In some embodiments, the adjustment information further includes the preset telescopic length of each arm.

In this embodiment, the arm can be extended and contracted to change the length, which adds an adjustment dimension. Adding a preset telescopic length to the entire information, by simultaneously changing the length and included angle of the arm, helps strengthen the ability to adjust the UAV's attitude and achieve a better adjustment effect.

In some embodiments, the method for adjusting the attitude of the control terminal of the unmanned aerial vehicle further includes: calculating adjustment information according to the current attitude information.

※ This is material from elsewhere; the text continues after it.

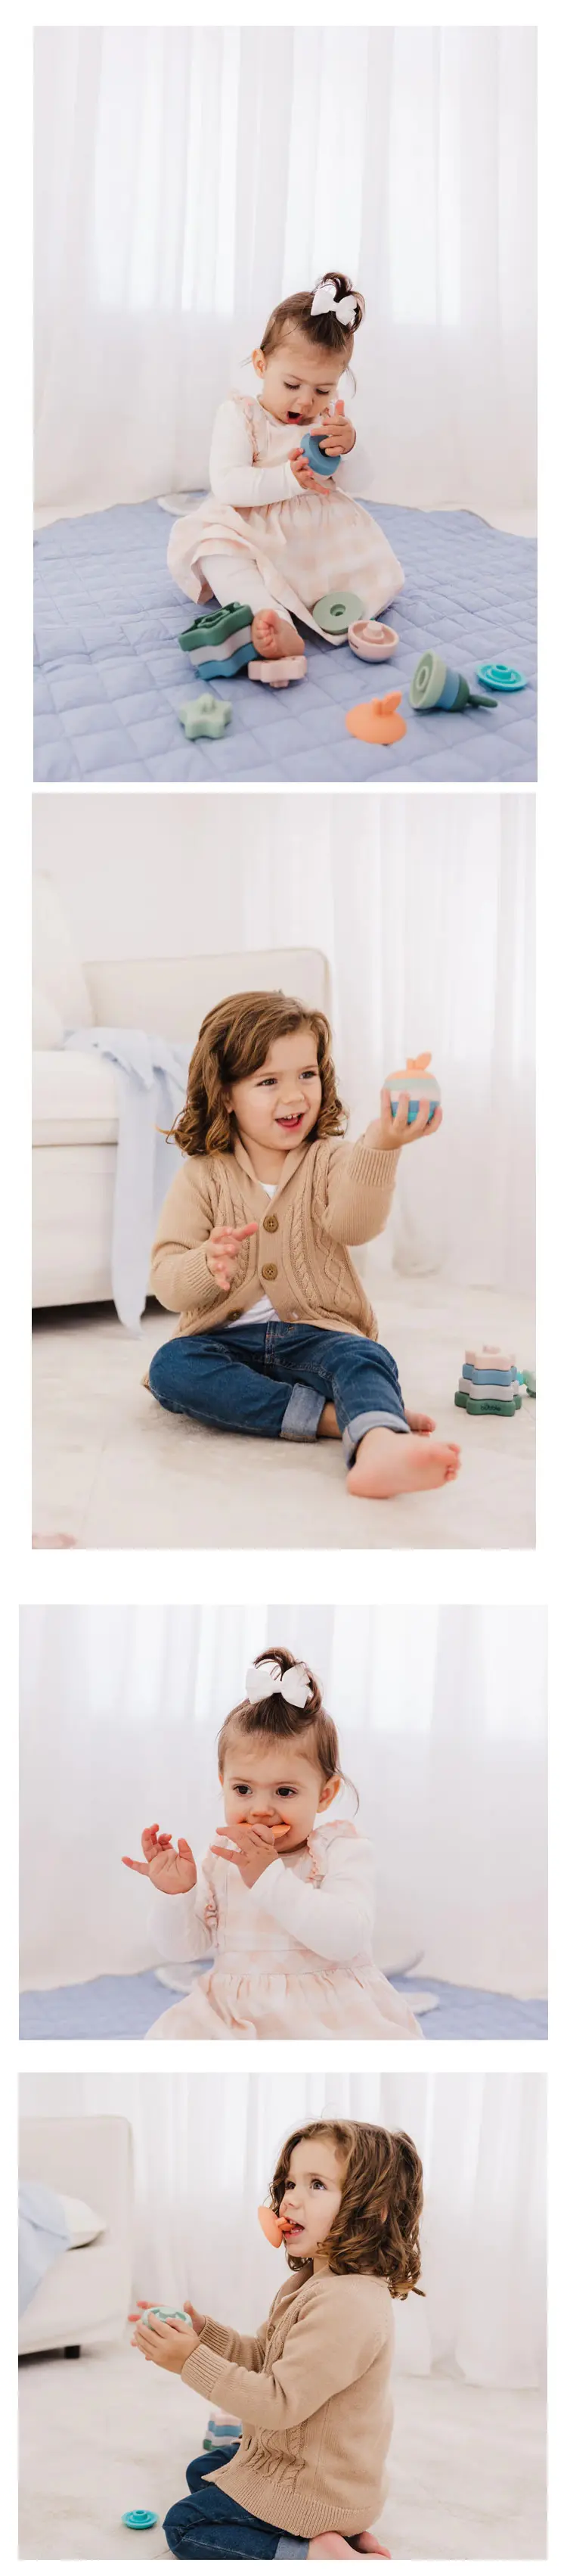 Bubble 全矽胶牙胶堆叠玩具-苹果型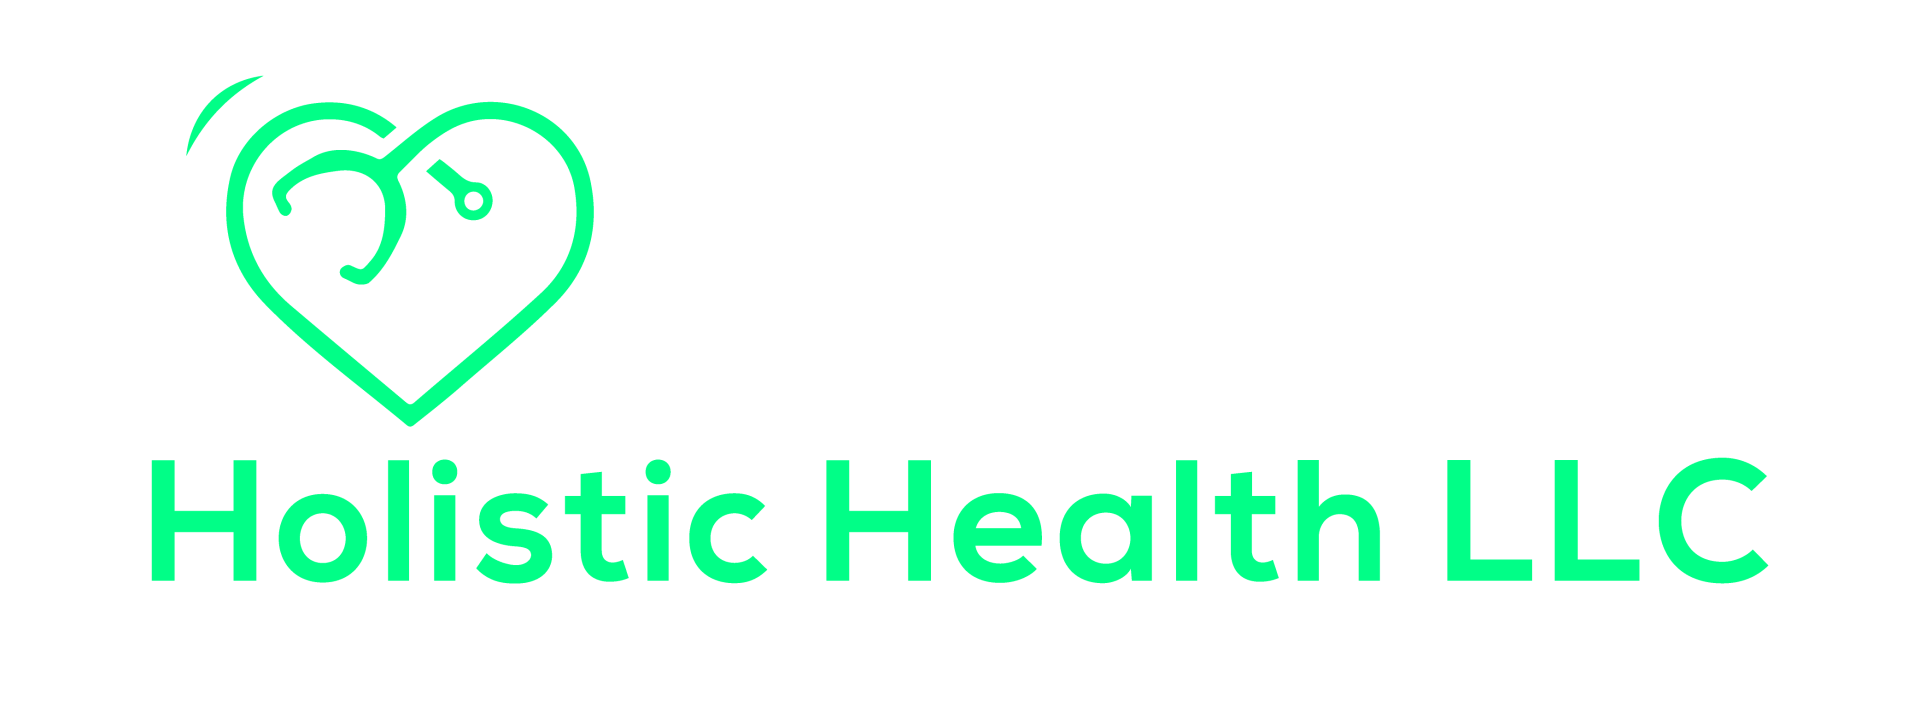 the logo for VEMa holistic health llc has a green heart on it .

In this embodiment, it is specifically limited that the adjustment information is calculated based on the current posture information, which can realize automatic adjustment, which not only simplifies manual operation, but also avoids the problem of low accuracy during manual operation, and improves the efficiency of posture adjustment. In addition, the calculation performed by the control terminal instead of the unmanned aerial vehicle can reduce the computational load of the unmanned aerial vehicle. Accordingly, the unmanned aerial vehicle can be equipped with lighter hardware equipment, which helps to reduce the weight of the unmanned aerial vehicle and improve Endurance.

It is understandable that an accurate adjustment information can be directly calculated during the calculation to realize the adjustment in place at one time; a rough calculation can also be performed first to quickly adjust the UAV to a relatively stable attitude, so that the power of each power motor is relatively Balance, and then combine the updated current attitude information to confirm the adjustment effect. When the attitude is optimized, perform actuarial calculations to adjust the unmanned aerial vehicle to the preset stable attitude. The coarse adjustment and then the fine adjustment can be realized, which can reduce the computational burden. Improve adjustment efficiency.

In some embodiments, the method for adjusting the attitude of the control terminal of the unmanned aerial vehicle further includes: receiving inputted adjustment information.

In this embodiment, the posture adjustment method further includes receiving adjustment information manually input by the user. At this time, the control terminal can output the current posture information and prompt information by broadcasting voice or displaying text when receiving the current posture information to remind the user Manually adjust the current attitude of the unmanned aerial vehicle. It is unnecessary to perform the calculation of the adjustment information, thereby reducing the amount of calculation. The control terminal can be equipped with software and hardware equipment with lower computing power, reducing the cost and selling price of the product, and meeting the needs of low-consumption users . It is conceivable that the control terminal may also have the rough calculation capability to prompt the user of a reasonable adjustment range, improve the adjustment efficiency, and achieve a balance between cost and adjustment efficiency. Optionally, the control terminal is equipped with a corresponding input device for the user to input adjustment information. The input device includes at least one of the following: a joystick, a keyboard, and a touch screen.

In some embodiments, the method for adjusting the attitude of the control terminal of the unmanned aerial vehicle further includes: receiving the angle information sent by the unmanned aerial vehicle in real time.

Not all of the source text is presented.